When you get a PR at a race or crush that loop you always ride at a quicker clip than ever, you might think you’re working at the limit of your abilities. Chances are high that you’re not, Kelly suggests. Mastering nose breathing, reducing stiffness, and adjusting posture to allow you to breathe easier may help you ride more, push more intensely (both aerobically and strength-wise) and recover more effectively.

“Ventilation and an awareness of rib cage and upper back expansion is especially impactful in an aerobic-based sport, like biking,” Kelly summarises. “Ultimately, whoever does the most work and remains the freshest wins,” and increasing ventilation can help you be that winner.

Consider adding these three exercises to your training routine to help you feel unstoppable even on the steepest and toughest parts of your ride.

1. Trunk Mobilisation

man propped on shoulders lying on foam roller

Lie facedown on a foam roller or larger ball (like a volleyball), placed just below ribs and pressing on abdomen, arms in front of you. Inhale through nose for 4 seconds, hold breath for 4 seconds, and contract abs. Exhale for 5 or more seconds, relaxing the trunk. Take a breath or 2 between contract and relax cycles. Next, move side to side on the roller, still breathing slowly. If you find a tight spot, pause, contract the muscles, and inhale for 4 seconds, then exhale and relax for 8 seconds. Repeat this sequence for 10 minutes max.

2. T-Spine Mobilisation 1

man lying on back face up with hips and knees lifted off floor and small ball under back

Lie face up, knees bent, and feet planted. Place a small ball in middle of back, between spine and one shoulder blade. Start at neck area. Take a full breath in, then out. Next, try to lift hips off floor to create more pressure, making sure to maintain deep breathing. Hold for several minutes. Repeat with ball on other side of spine.

3. T-Spine Mobilisation 2

person lying on back with hand raised above head and small ball under shoulders

Lie face up, knees bent, and feet planted.
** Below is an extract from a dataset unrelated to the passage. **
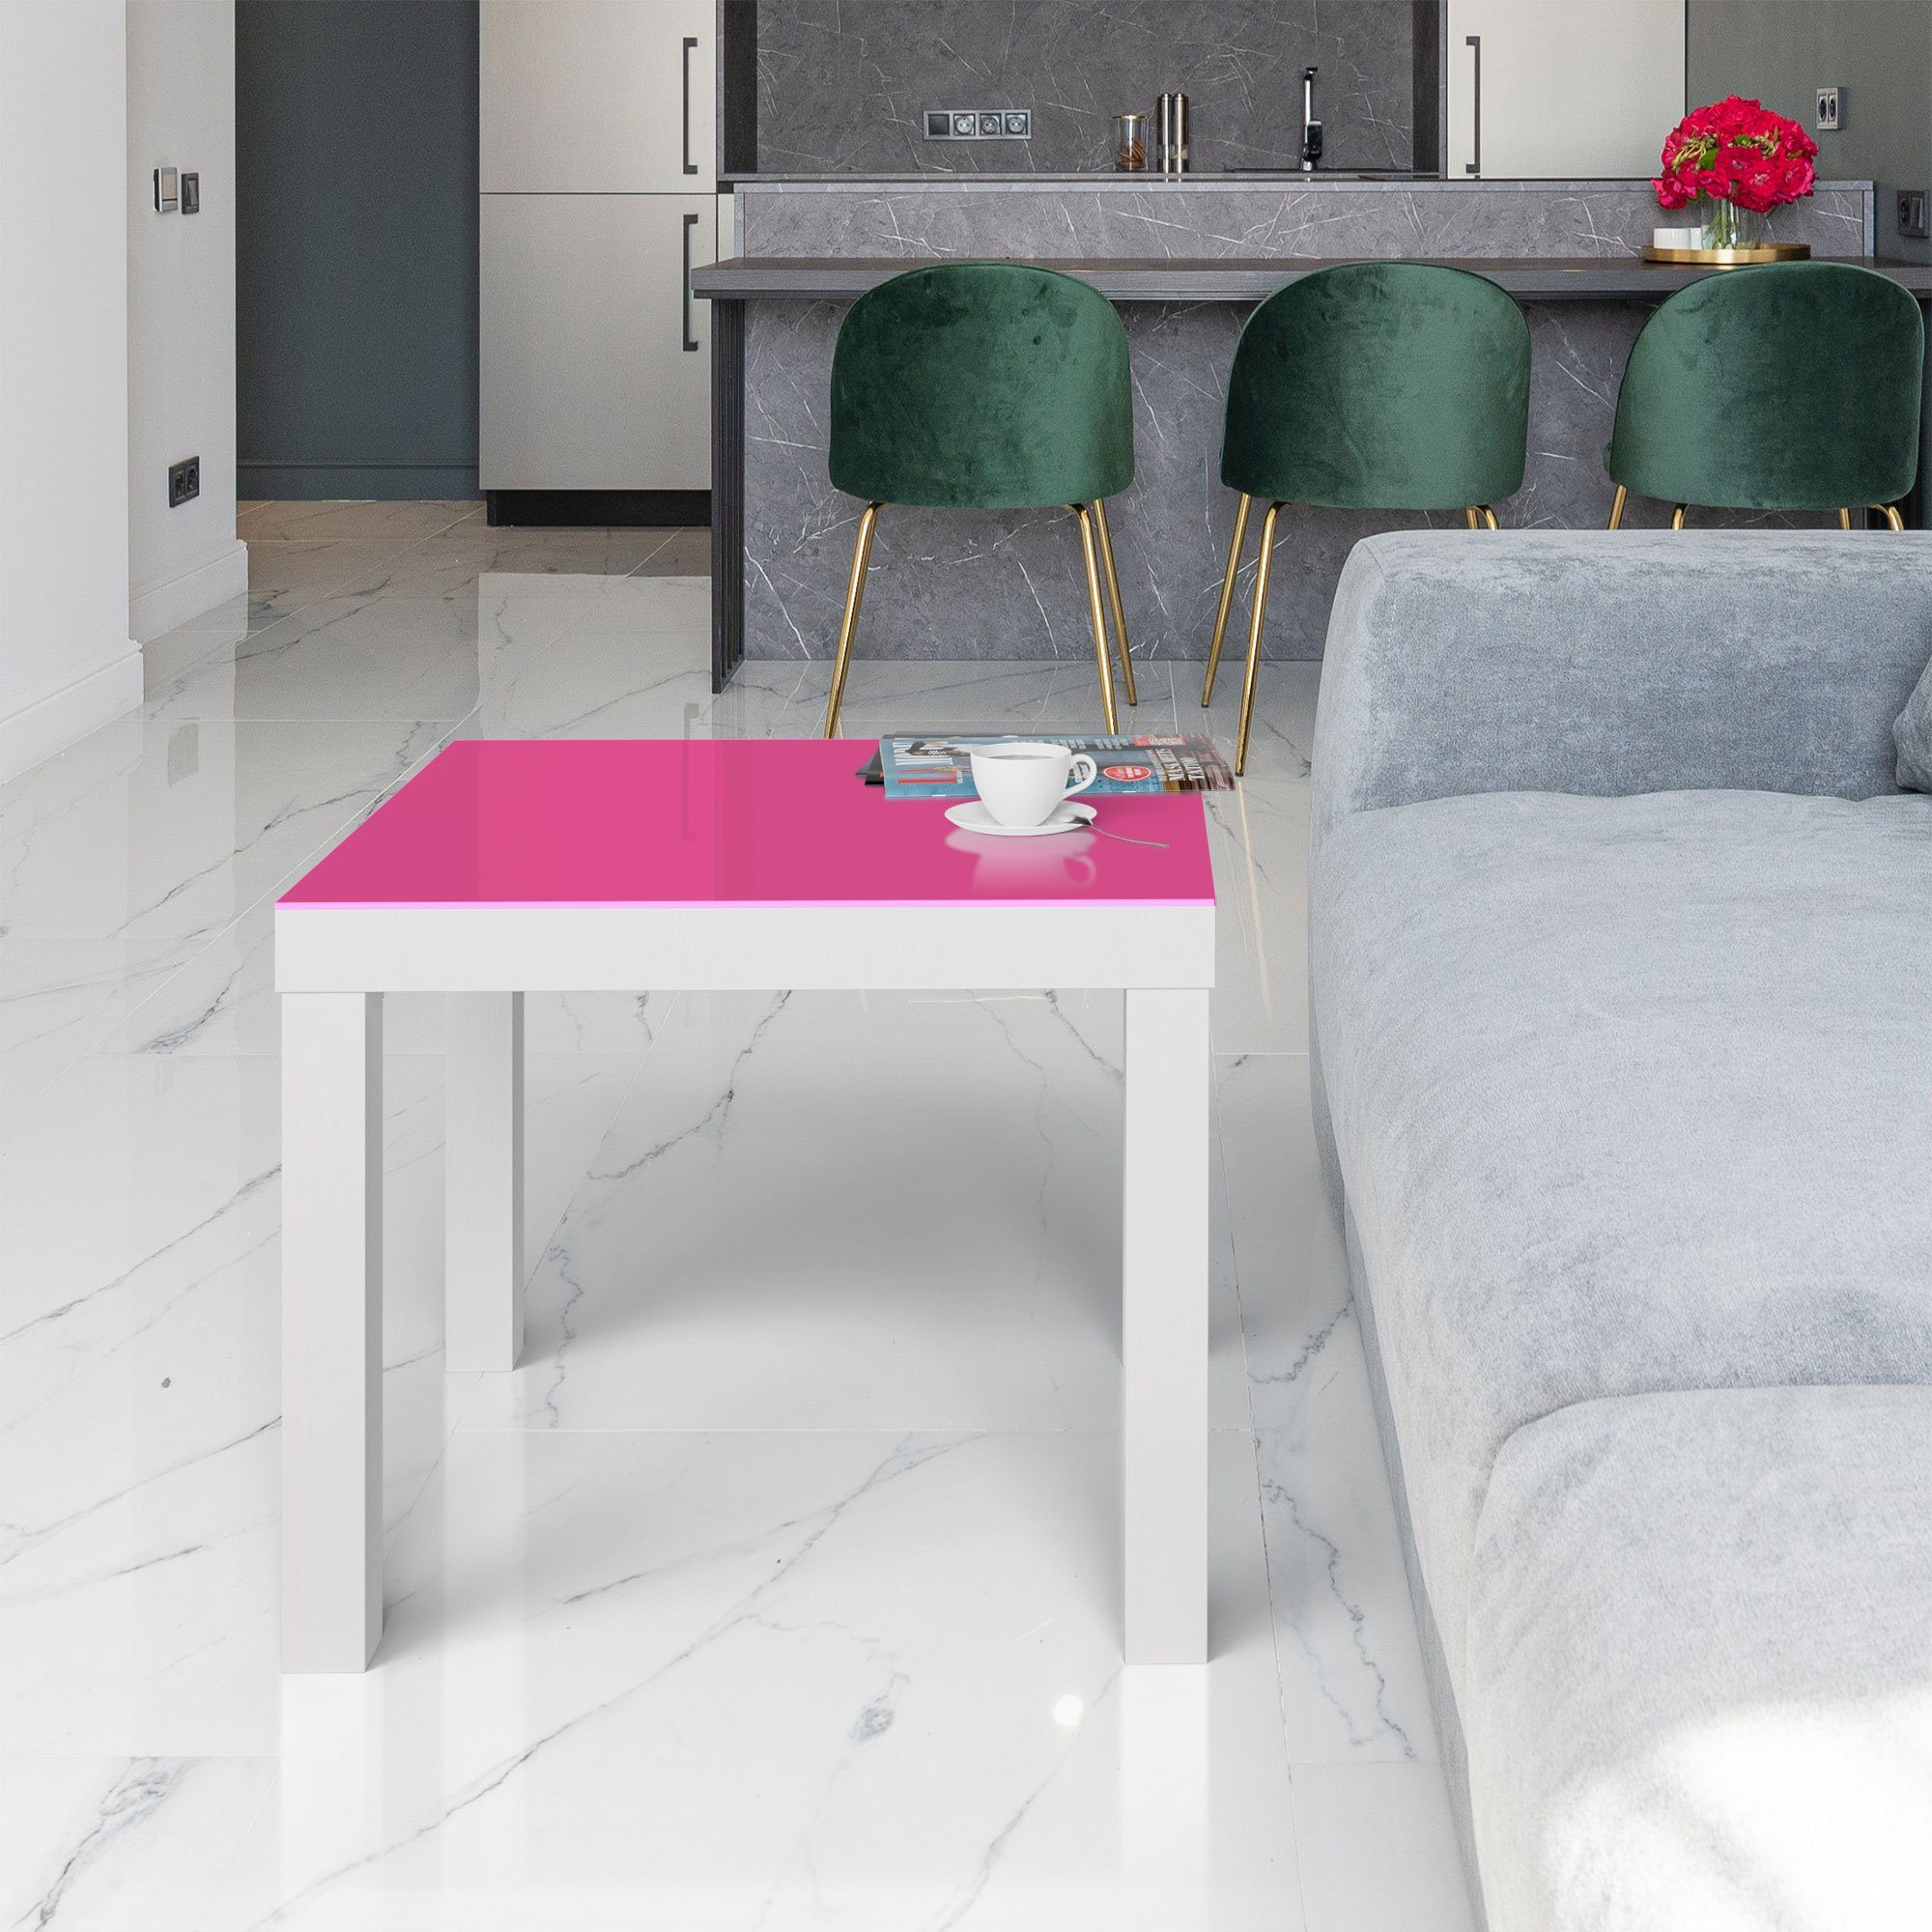 Glas - DEQORI modern Beistelltisch Rosa', Couchtisch Glastisch 'Unifarben Weiß

Place a small ball on right side of back, at base of neck, just at the top of shoulder blade. Raise right arm overhead, and with thumb pointed down, drop hand down to floor behind you. Keep elbow close to head. Bring arm back down by side. Raise and lower arm at a comfortable speed, breathing as you go. Do 10 reps. Repeat with ball a little farther down back, at middle of shoulder blade. Repeat arm moving slowly up and down for 10 reps. Finally, repeat with ball farther down, at the bottom of shoulder blade. Repeat arm moving slowly up and down for 10 reps. Then repeat entire sequence on other side. To make the move more intense, raise hips off the floor in a bridge position.

Exercises and descriptions adapted from Built to Move: The Ten Essential Habits to Help you Move Freely and Live Fully by Kelly Starrett and Juliet Starrett. Published April 4, 2023 by Alfred A. Knopf, an imprint of The Knopf Doubleday Publishing Group, a division of Penguin Random House LLC. Copyright © 2023 by Kelly Starrett and Juliet Starrett.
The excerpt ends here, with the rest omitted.